Reputation: 1189
I have a graph having 602647 nodes and 982982 edges. I wanted to find the first and second order contacts (i.e. 1-hop contacts and 2-hops contacts) for each node in the graph in Networkx.
i built the following code that worked fine for smaller graphs, but never finished running for larger (graphs as the one above):
hop_1 = {}
hop_2 = {}
row_1 = {}
row_2 = {}
for u, g in G.nodes(data=True):
row_1.setdefault(u, nx.single_source_shortest_path_length(G, u, cutoff=1))

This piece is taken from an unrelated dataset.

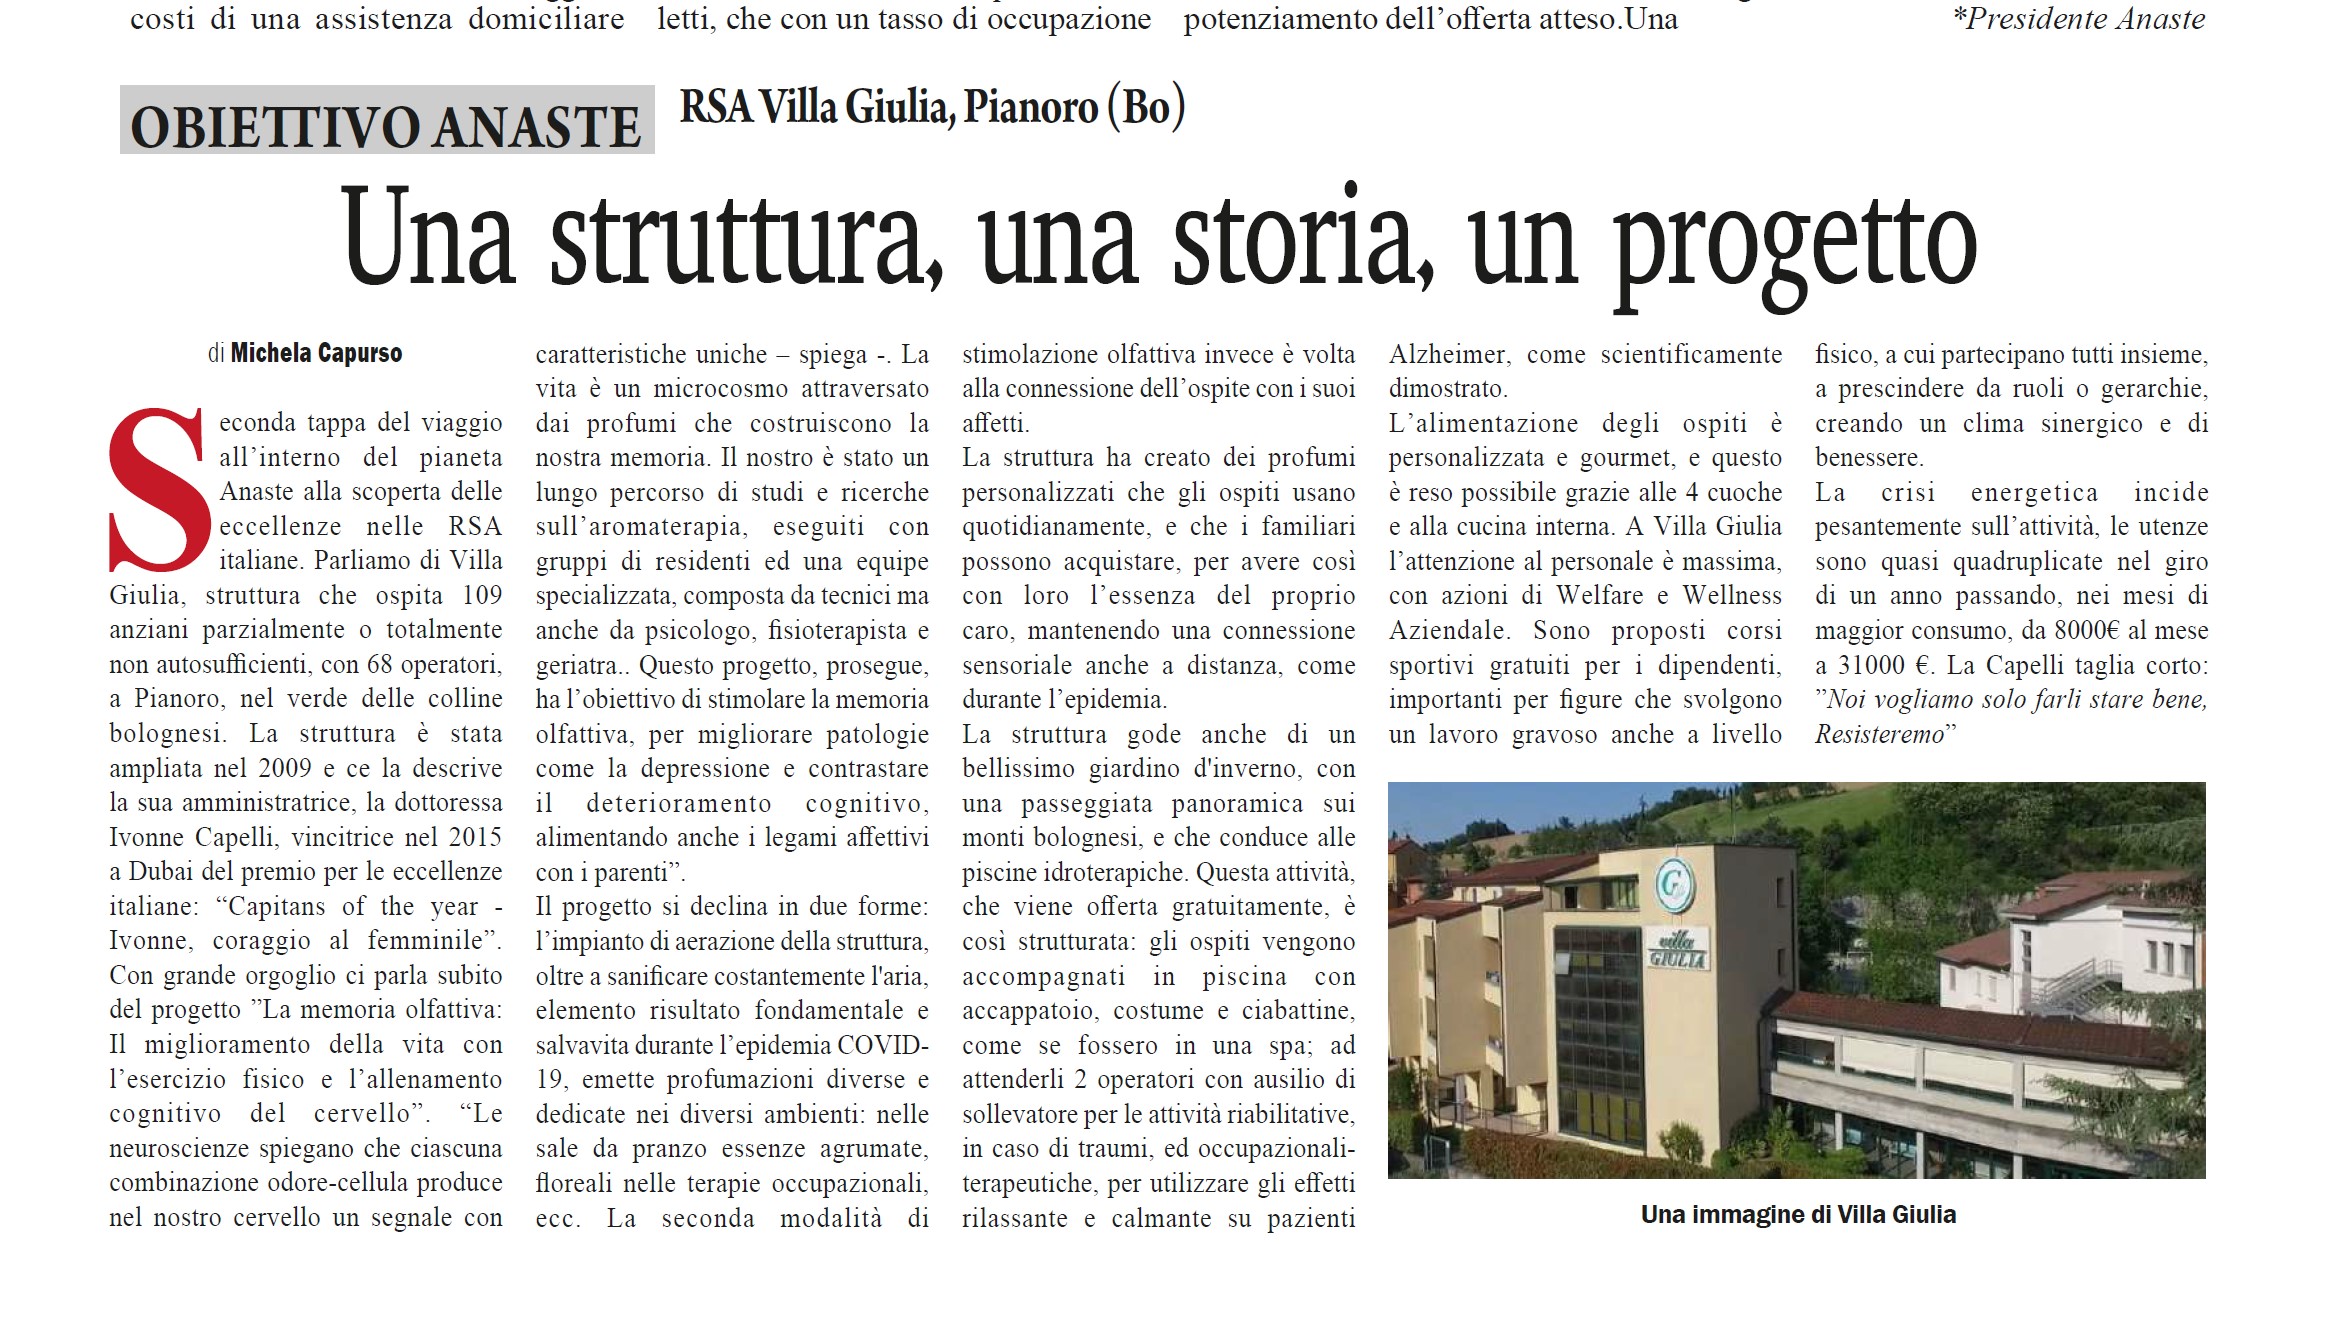 CRA Villa Giulia di Pianoro: Una struttura, una storia, un progetto

row_2.setdefault(u, nx.single_source_shortest_path_length(G, u, cutoff=2))
hop_1.update(row_1)
hop_2.update(row_2)
some notes:
results are stored first in a dict (hope_1 and hope_2)

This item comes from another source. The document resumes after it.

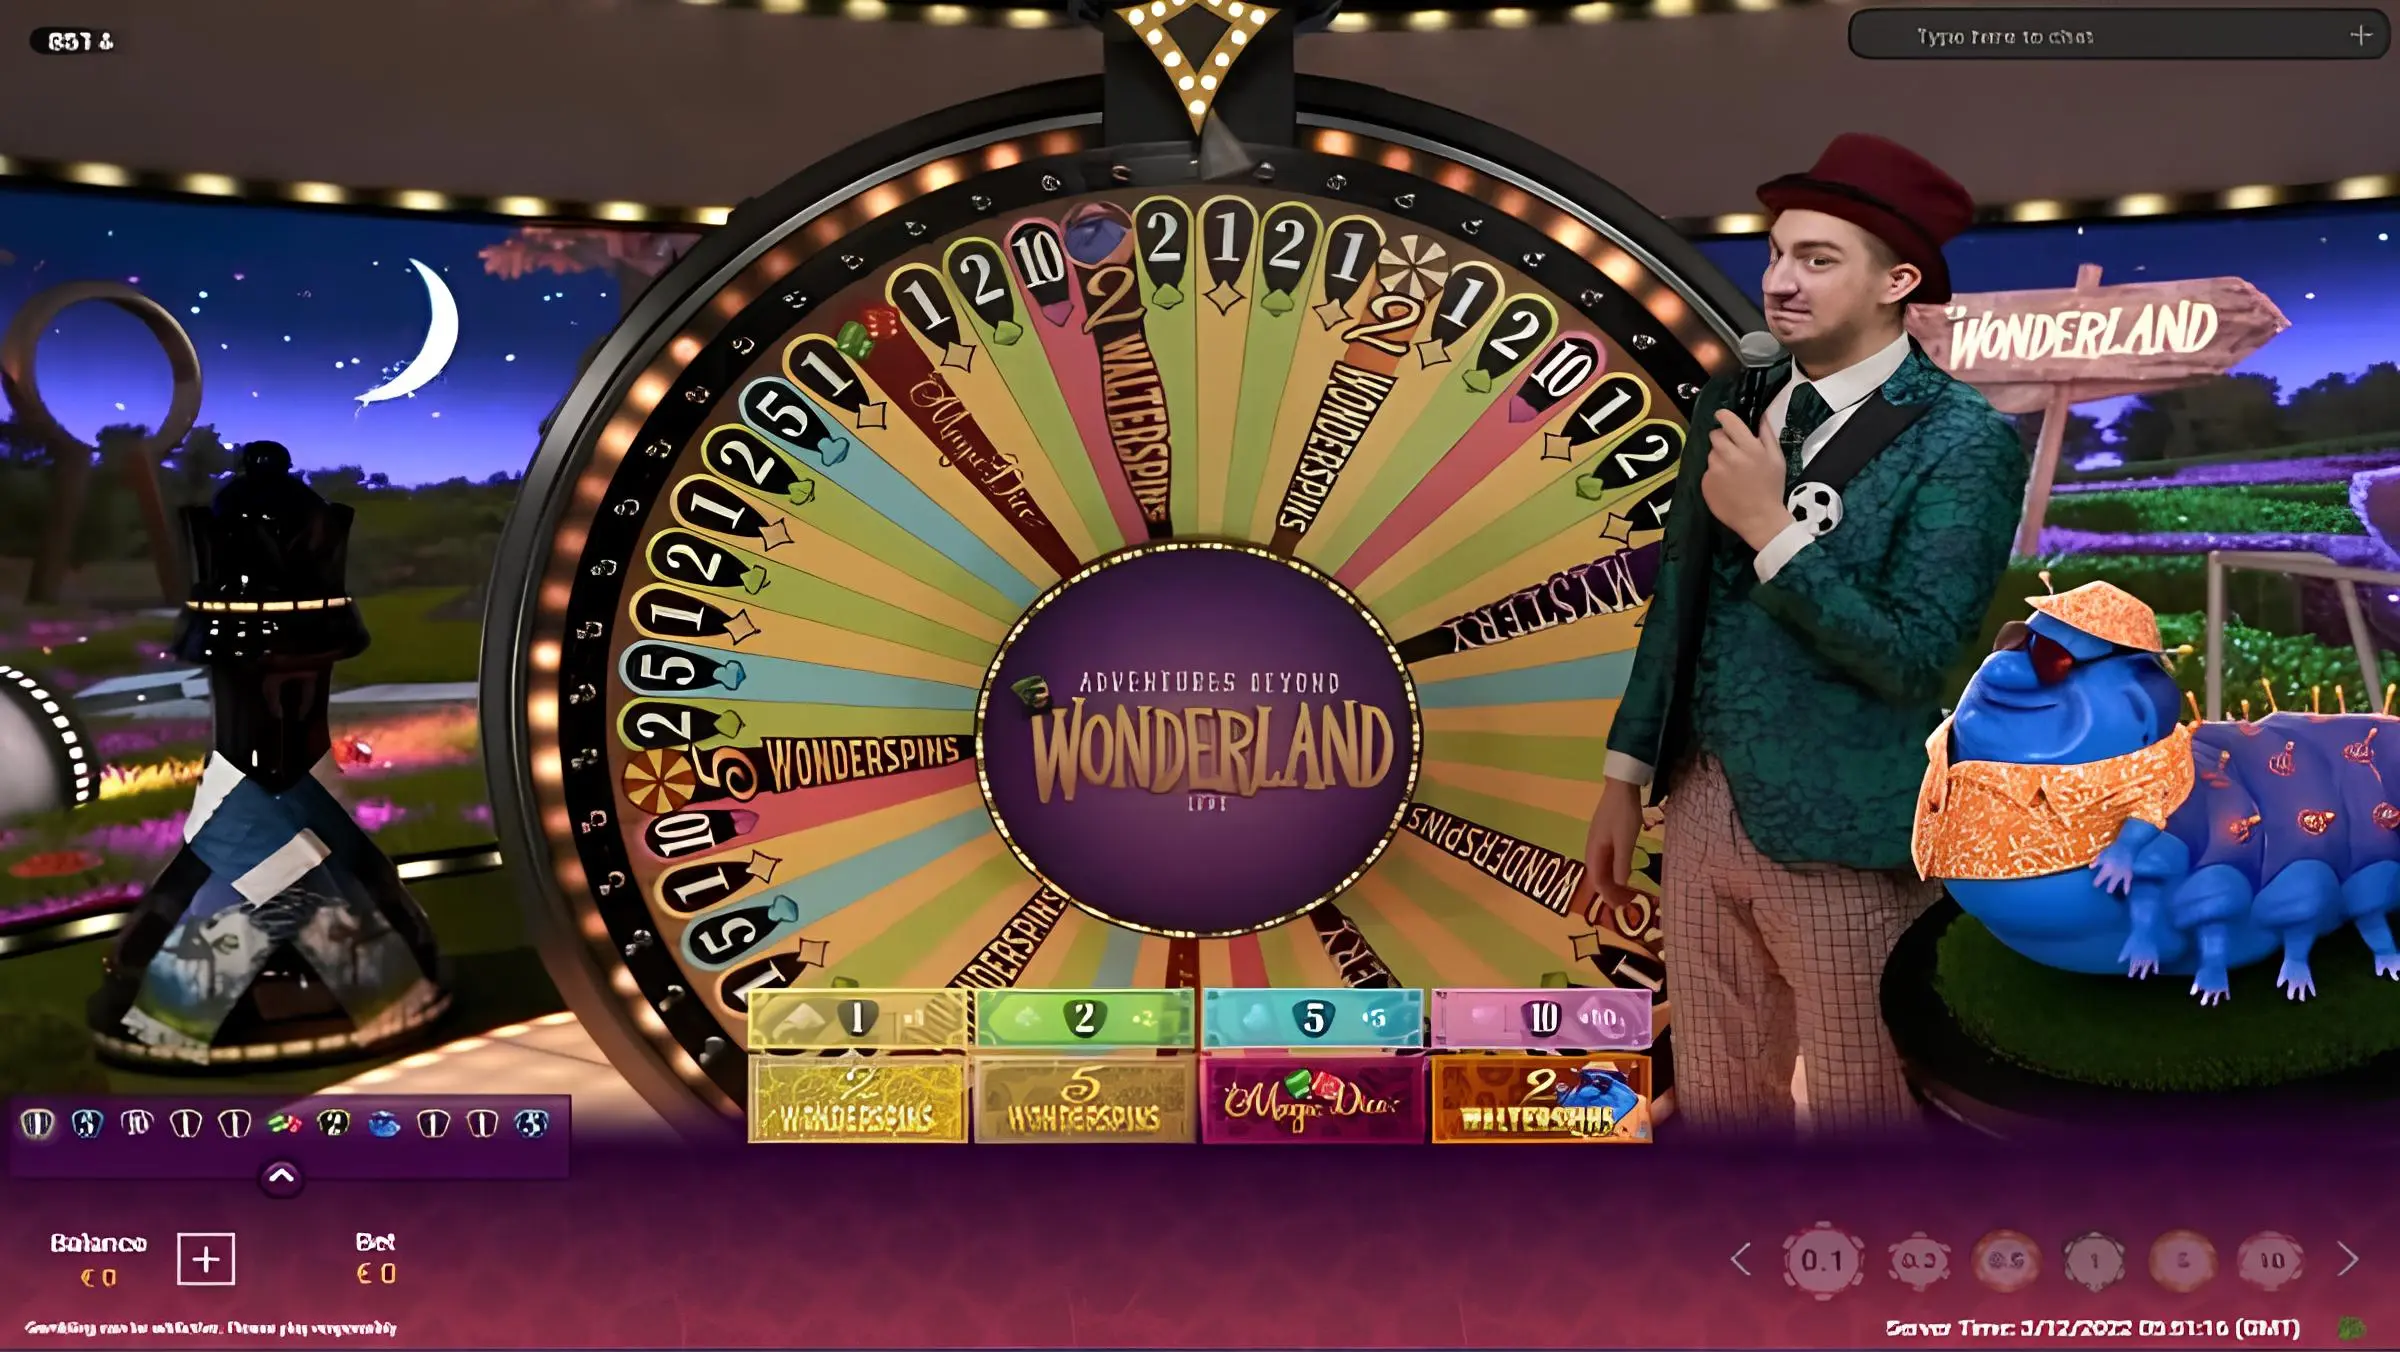 Adventures Beyond Wonderland: Descubra o emocionante jogo ao vivo

row_1 and row_2 and temporary holding variables
hop-1 will include nodes after one jump
hop-2 will include nodes that are located at both one jump and two jumps
Is there a way to optimize/imrpove this code and finish running?
Upvotes: 0
Views: 590
Reputation: 17882
To find first and second-order neighbors you can use functions all_neighbors()
and node_boundary()
:
hop1 = {}
hop2 = {}
for n in G.nodes():
neighbs1 = list(nx.all_neighbors(G, n))
hop1[n] = neighbs1
hop2[n] = list(nx.node_boundary(G, neighbs1 + [n])) + neighbs1
print(hop1)
# {0: [1, 2, 3], 1: [0, 2, 3], 2: [0, 1, 3, 4], 3: [0, 1, 2, 4], 4: [2, 3]}
print(hop2)
# {0: [4, 1, 2, 3], 1: [4, 0, 2, 3], 2: [0, 1, 3, 4], 3: [0, 1, 2, 4], 4: [0, 1, 2, 3]}
Upvotes: 2
Reputation: 16204
I don't know networkx
; but, by definition, a node that is reachable one hop is also reachable in <=2 hops, which is what the docs (and source) of single_source_shortest_path_length
is giving you. you can therefore remove the first call to single_source_shortest_path_length
.
second, your uses of dictionaries are very strange! why are you using setdefault
rather than just setting elements? also you're copying things a lot with update
which doesn't do anything useful and just wastes time.
I'd do something like:
hop_1 = {}
hop_2 = {}
for u in G.nodes():
d1 = []
d2 = []
for v, n in nx.single_source_shortest_path_length(G, u, cutoff=2).items():
if n == 1:
d1.append(v)
elif n == 2:
d2.append(v)
hop_1[u] = d1
hop_2[u] = d2
which takes about a minute on my laptop with a G_nm
graph as generated by:
import networkx as nx
G = nx.gnm_random_graph(602647, 982982)
note that tqdm
is nice for showing progress of long running loops, just import tqdm
and change the outer for
loop to be:
for u in tqdm(G.nodes()):
...
and you'll get a nice bar reporting progress
Upvotes: 1